“The Estrangement Principle” by Ariel Goldberg— An Essay on Queer Art

Goldberg, Ariel. “The Estrangement Principle”, Nightboat Books, 2016.

An Essay on Queer Art

Amos Lassen

We live in a world that loves categorization and we try to find nice little categories where everything fits and it is not easy to do so. One such category is “queer art”. Ariel Goldman looks at that in this book length essay about the problematic label. We face the question of is queer art that which is made/created by queer people or is it something else. Goldberg thinks that we need wider areas of associations with art made by queer identified people. He explores the lives and works of writer Renee Gladman, and artists Jack Waters and Peter Cramer, among many others in order to show the real complexity of the issue as well as examines the communities and histories behind art. He brings together cultural criticism, close readings, and personal anecdotes yet he never loses site of his goal. We see here that are serious problems in attempting to classify and/or name movements and this can quickly become an exercise in contradiction.

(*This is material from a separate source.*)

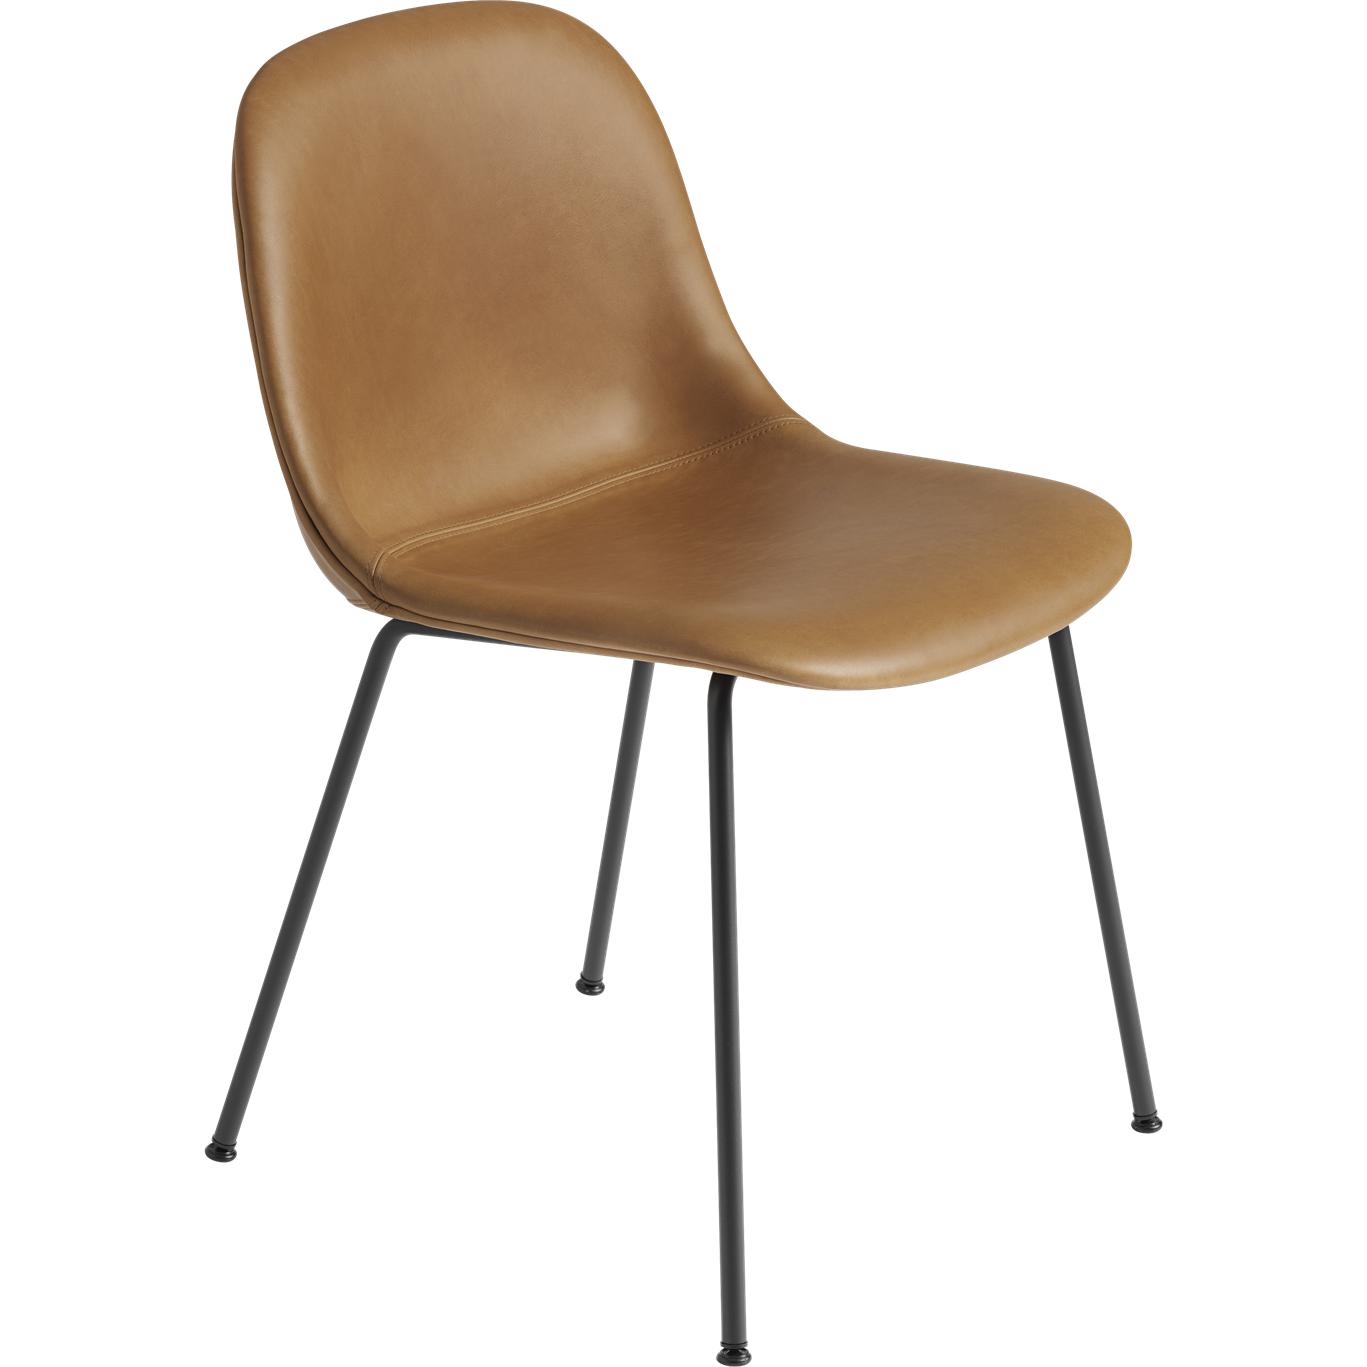 Base de tubo de silla lateral de fibra muuto, asiento de cuero, cuero de coñac marrón

Goldberg raises several questions including if it is indeed possible to interrupt the labeling of art while it is the process of being produced and if naming is commodification in a society that is postcapitalist society.

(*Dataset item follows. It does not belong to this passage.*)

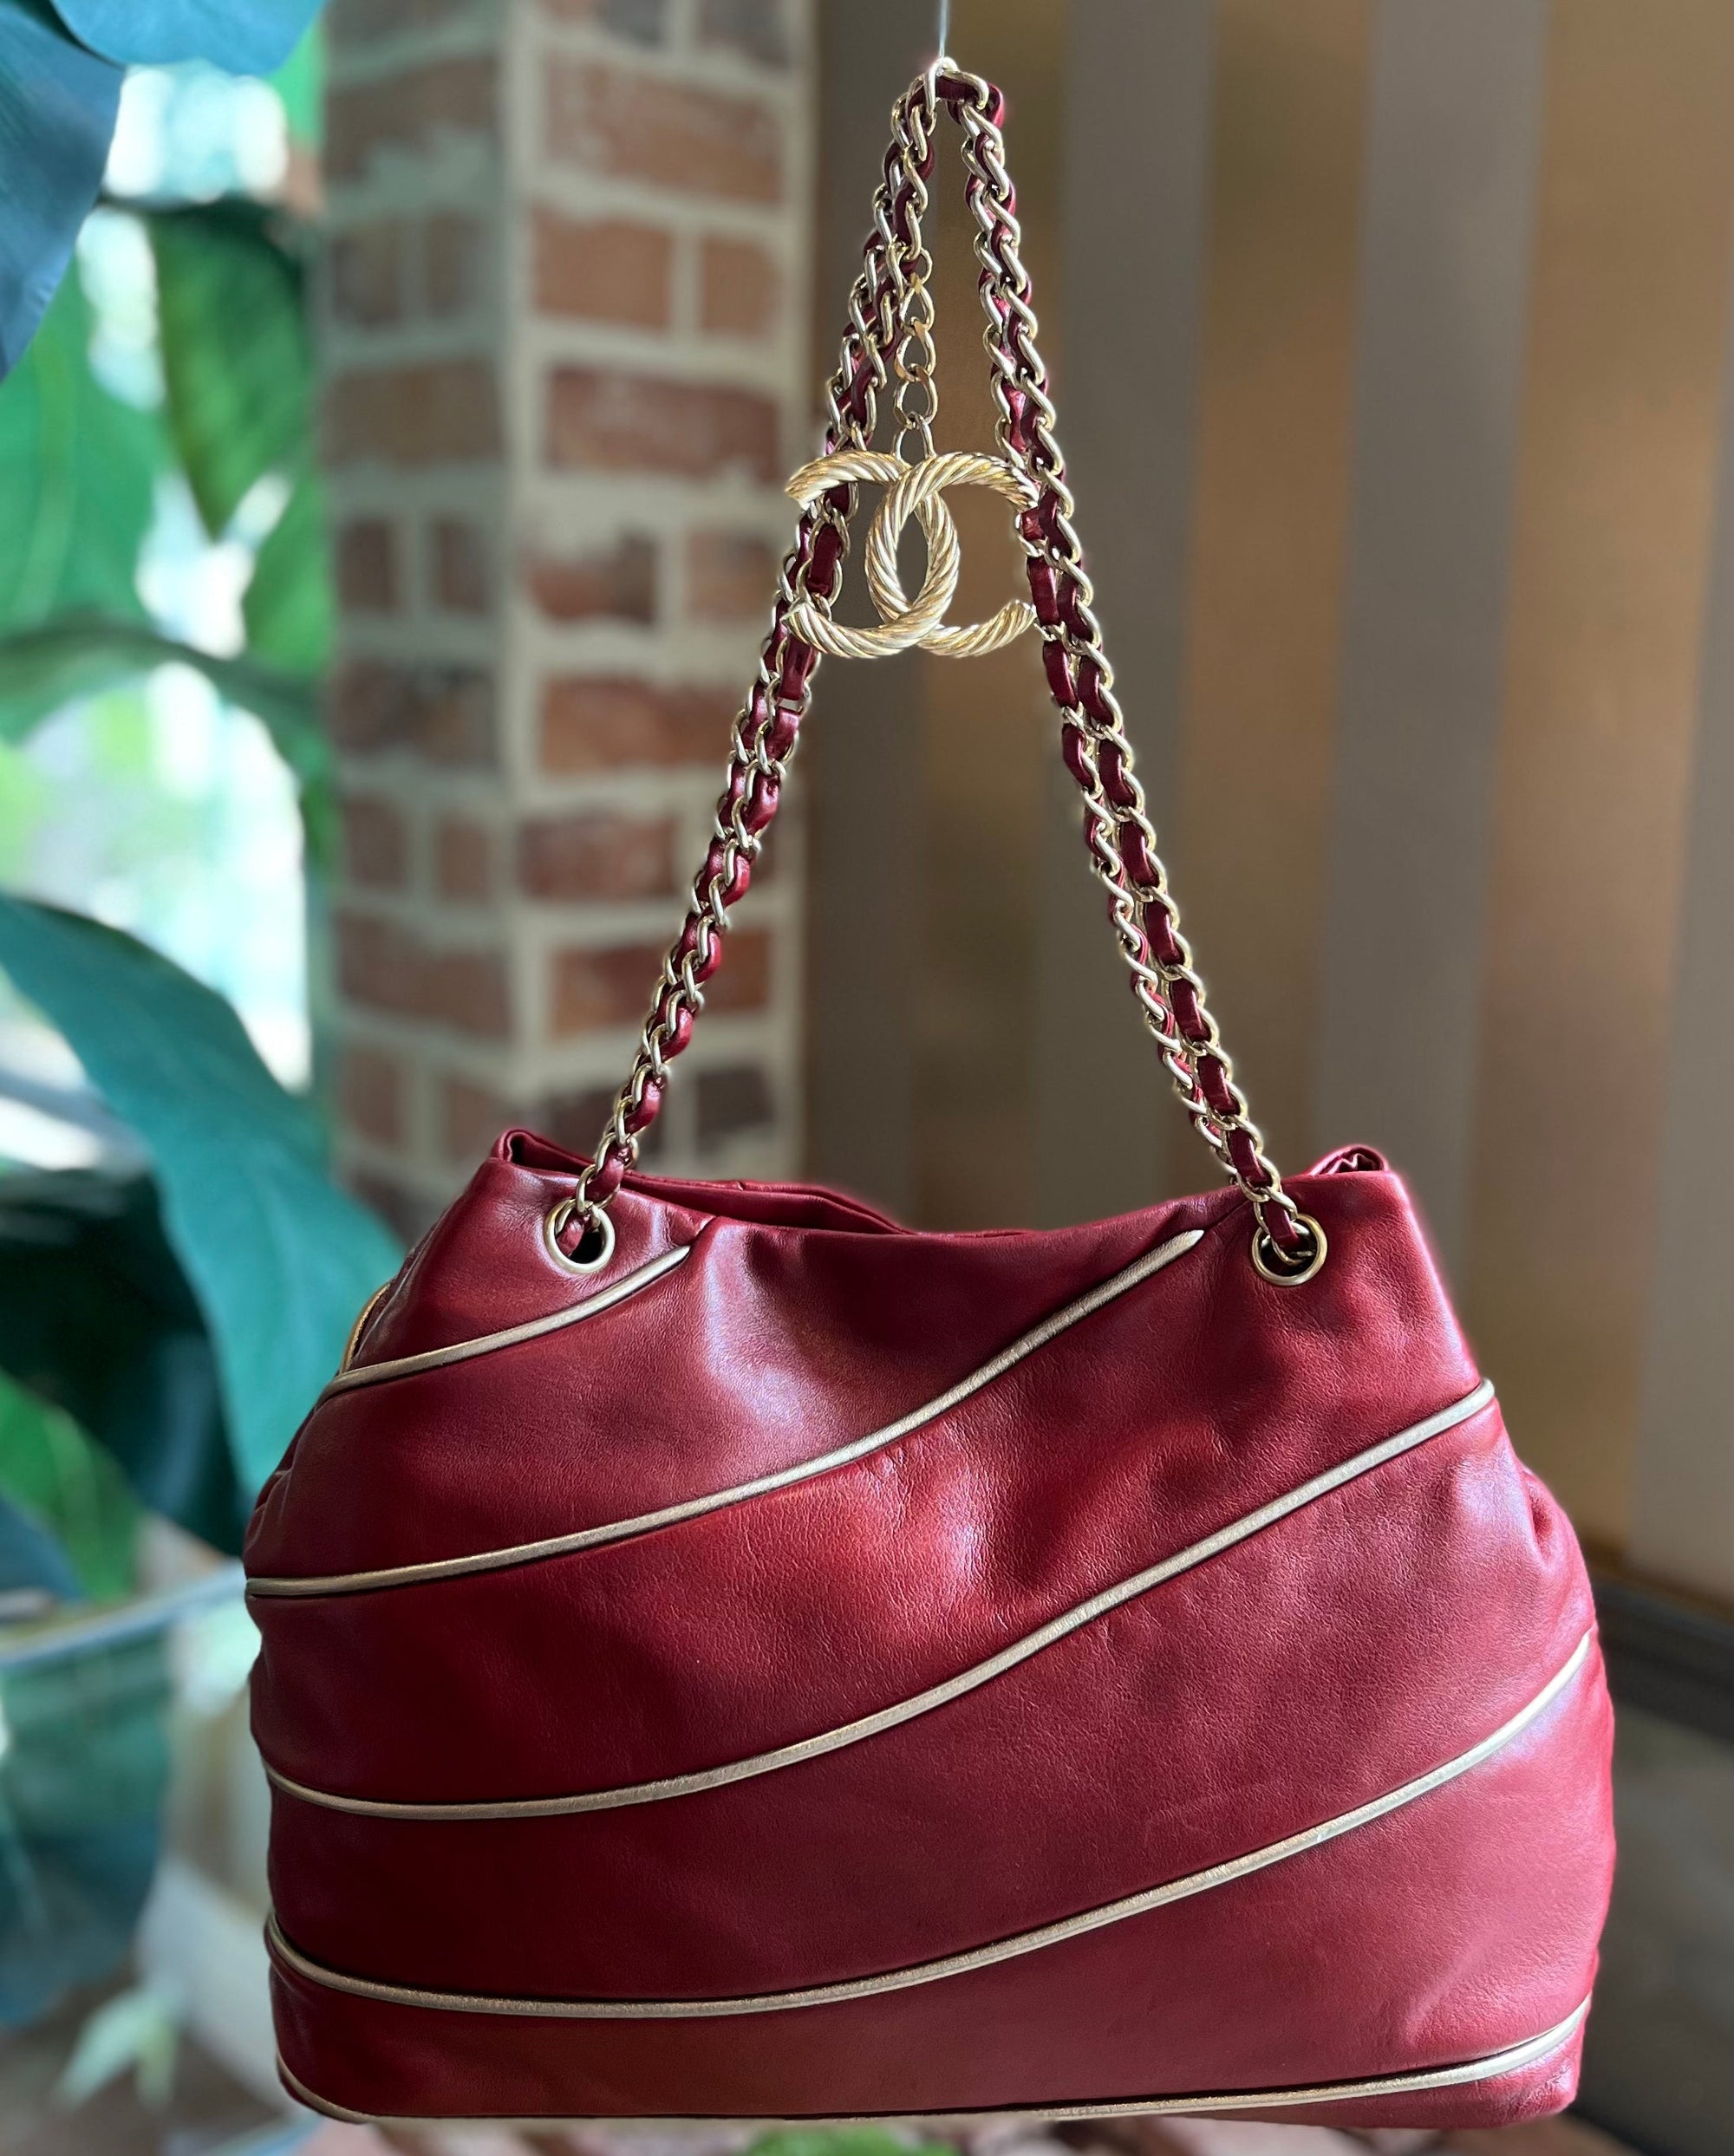 Handbags & Purses Tagged Model_Nile GM - The Purse Ladies

Goldberg gives us a historical and literary research project focusing on writers and artists who are conflicted and resist labels on their work. He looks at the pressures LGBTQIGNC+ (Lesbian, Gay, Bi, Trans, Queer, Intersex, Gender-Non-Conforming, Plus) people face today and presents what he has found by looking at it “through the lens of the New Narrative movement and the intersection of activism and writing in the work of Jack Waters, Rachel Levitsky, Gregg Bordowitz, Tisa Bryant and Sarah Schulman”. 

Much of Goldberg’s research is based the use of the word “queer” in queer theory’s canon. He shows to get to this “through the tradition of the public intellectual performing close readings of the mundane publicity around us: press releases, mission statements, book blurbs and gossip”. It is important to note that this is a “durational inquiry about the feelings of urgency and doubt”.